Na filosofia moderna, na esteira de Descartes, por intuição entende-se a apreensão de qualquer objeto mental. Intuição, nesse sentido, recobre tudo que o pensamento experimenta com precisão em si mesmo ou na imaginação. Locke não dirá diferente disso – intuitivo é o conhecimento que percebe a concordância ou discordância entre duas ideias imediatas. É por intuição, portanto, que chego a compreender que, depois de Nietzsche, é impossível fazer filosofia como a fizeram seus antecessores. O que significa essa impossibilidade?  Para mim, ela significa duas coisas: 1) impossibilidade de sustentação de um pensamento filosófico afinado com os pressupostos hermenêuticos à luz dos quais se orientou a tradição; 2) insistência em manter silêncio sobre as consequências radicais para a reflexão filosófica advindas da perturbação desse que é o “mais sinistro de todos os hóspedes” – o niilismo.
A confiança na razão é a essência de toda empresa filosófica. A história do pensamento filosófico, desde suas origens, orientou-se pela busca de princípios capazes de conferir sentido ao conjunto da experiência humana. Quando admitimos que a filosofia se desenvolveu, desde suas origens pré-socráticas, como uma prática discursiva assentada na confiança na razão, queremos dizer que a experiência filosófica é ela mesma uma experiência destinada ao trabalho com o sentido. A filosofia tem como preocupação a determinação de um sentido para o mundo. Historicamente, portanto, a filosofia, buscando explicar, num registro racional, os problemas já colocados pelo mito e a religião, assumirá alguns pressupostos que, na modernidade (e, sobretudo, depois do trabalho da desconstrução), se tornaram ineficazes para conferir sentido à vida humana. Dentre esses pressupostos, destaquem-se três:

a) o mundo constitui uma totalidade ordenada e inteligível, cuja história obedece a um desenvolvimento explicável;
b) Esse mundo ou cosmo apresenta uma ordem eterna, divina, bela (boa); em última instância, inteligível.
c) o sentido da vida humana consiste em ajustar-se a essa ordem divina e bela que constitui o cosmo.

Toda a história da filosofia ocidental, sobretudo a partir de Platão, orientou-se pelo pressuposto de que um ente, quanto mais real, quanto mais verdadeiro, quanto mais eterno, mais bondade e perfeição possuiria. A vida humana deveria orientar-se pelo mais real, pelo que é em si.
Com o anúncio nietzschiano da morte de Deus, se esgota o sentido no próprio coração do universo. Com ela, apaga-se a ulterioridade do princípio, desaparece o “lugar” da constituição dos valores superiores. O homem sente a proximidade desse que é “o mais sinistro dos hóspedes” – o niilismo.
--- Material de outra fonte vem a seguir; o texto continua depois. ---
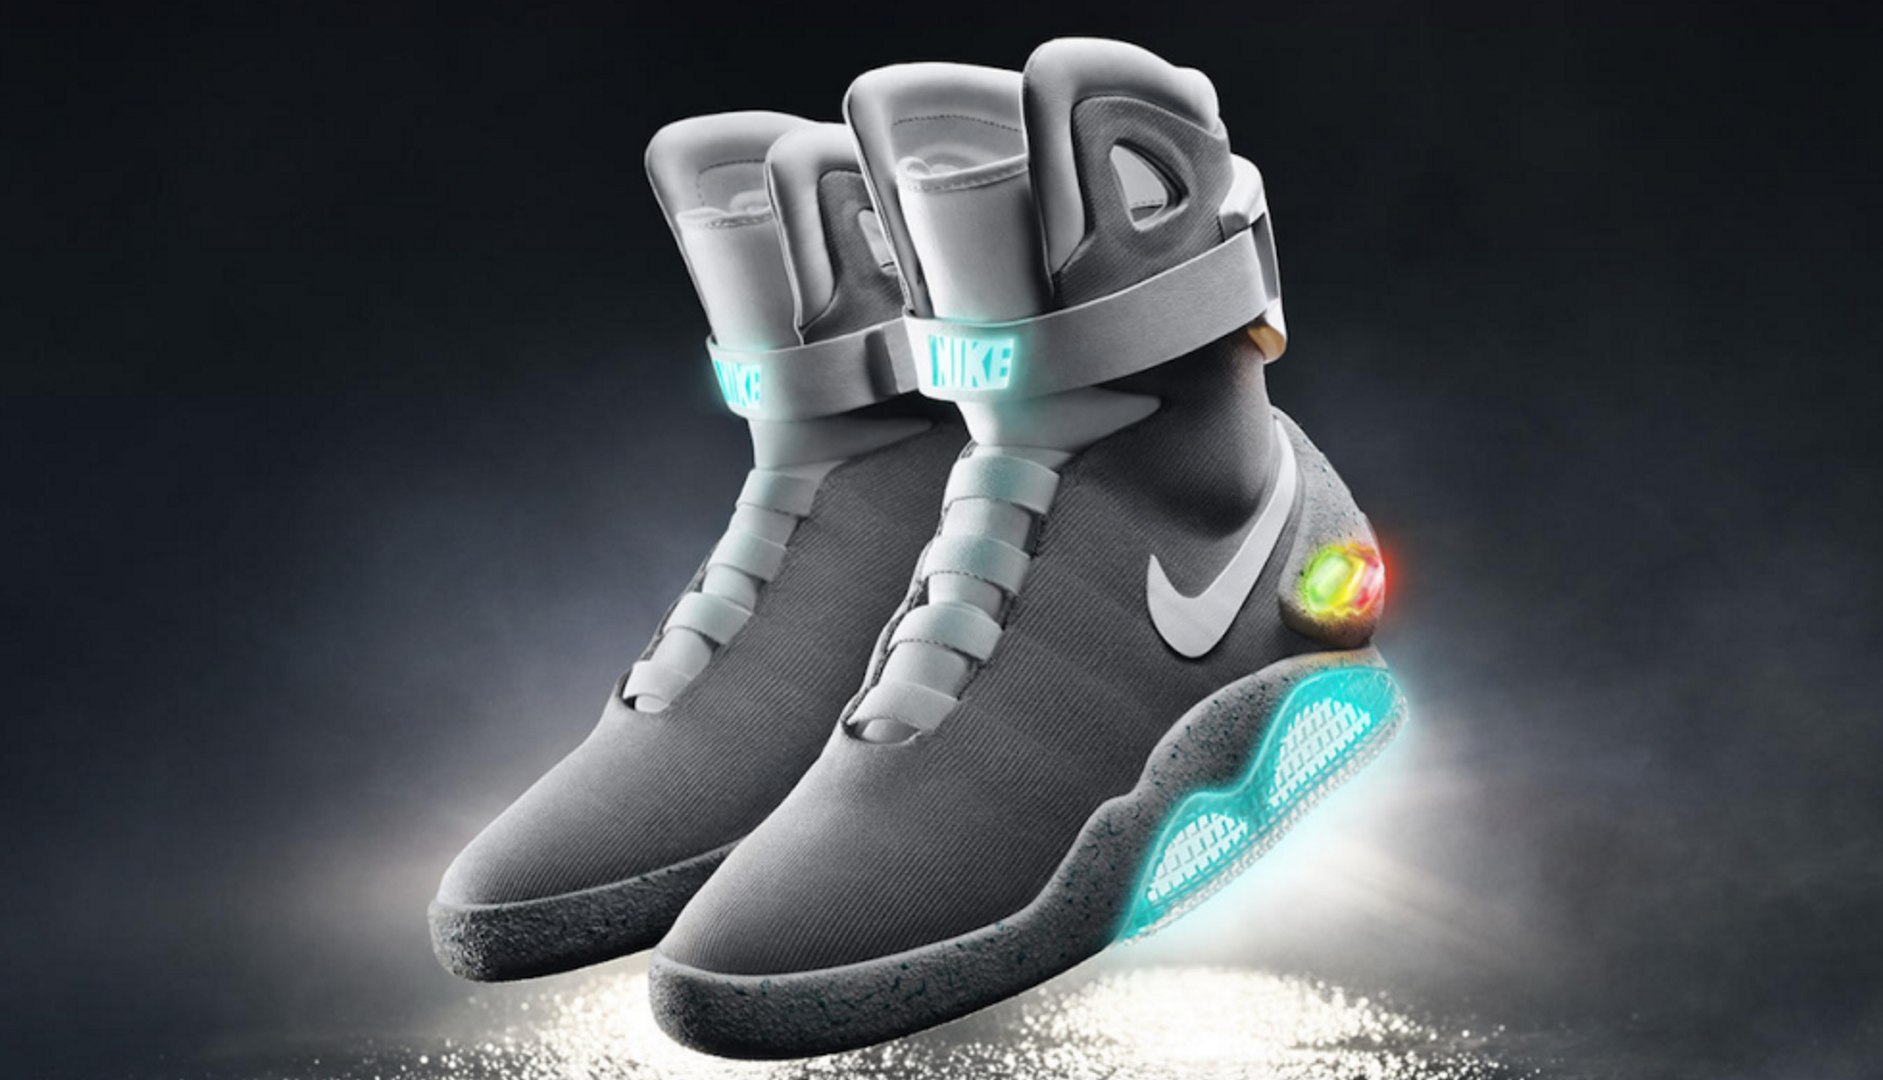 Llegan las Nike HyperAdapt 1.0, las zapatillas robocordones - Vídeo

De fato, o niilismo, enquanto uma forma de pensamento obcecado pelo nihil – o nada, pode ser rastreado em toda a história do pensamento ocidental. De Górgias com suas famosas teses “nada é, e se alguma coisa fosse, não poderia ser conhecida, e se fosse conhecível, seria inexprimível” – à teologia negativa do poeta e filósofo italiano Giacomo Leopardi, para quem o nada é o princípio de Deus e de todas as coisas, o niilismo impregnou o existencialismo francês cujos maiores expoentes são Sartre e Camus. Mas foi, sem dúvida, Nietzsche o maior profeta e teórico do niilismo. É com ele que o niilismo se erigirá em categoria histórica e em objeto de reflexão filosófica. Niilismo, a despeito de seu caráter multívoco, pode ser definido como uma doutrina que opera segundo uma série de reduções: os entes, as coisas, o mundo e, em particular, os valores e os princípios – são negados e reduzidos a nada. Do ponto de vista ontológico, o niilismo é a afirmação de um mundo do qual não se pode sair, de um mundo sem transcendência, sem valores superiores, sem alhures. Estar sempre de luto, reconhecer que nossa relação com o sentido originário, com os deuses, com o fundamento é uma relação marcada pela ausência, pela perda, pelo desaparecimento – eis, em suma, a essência da experiência niilista.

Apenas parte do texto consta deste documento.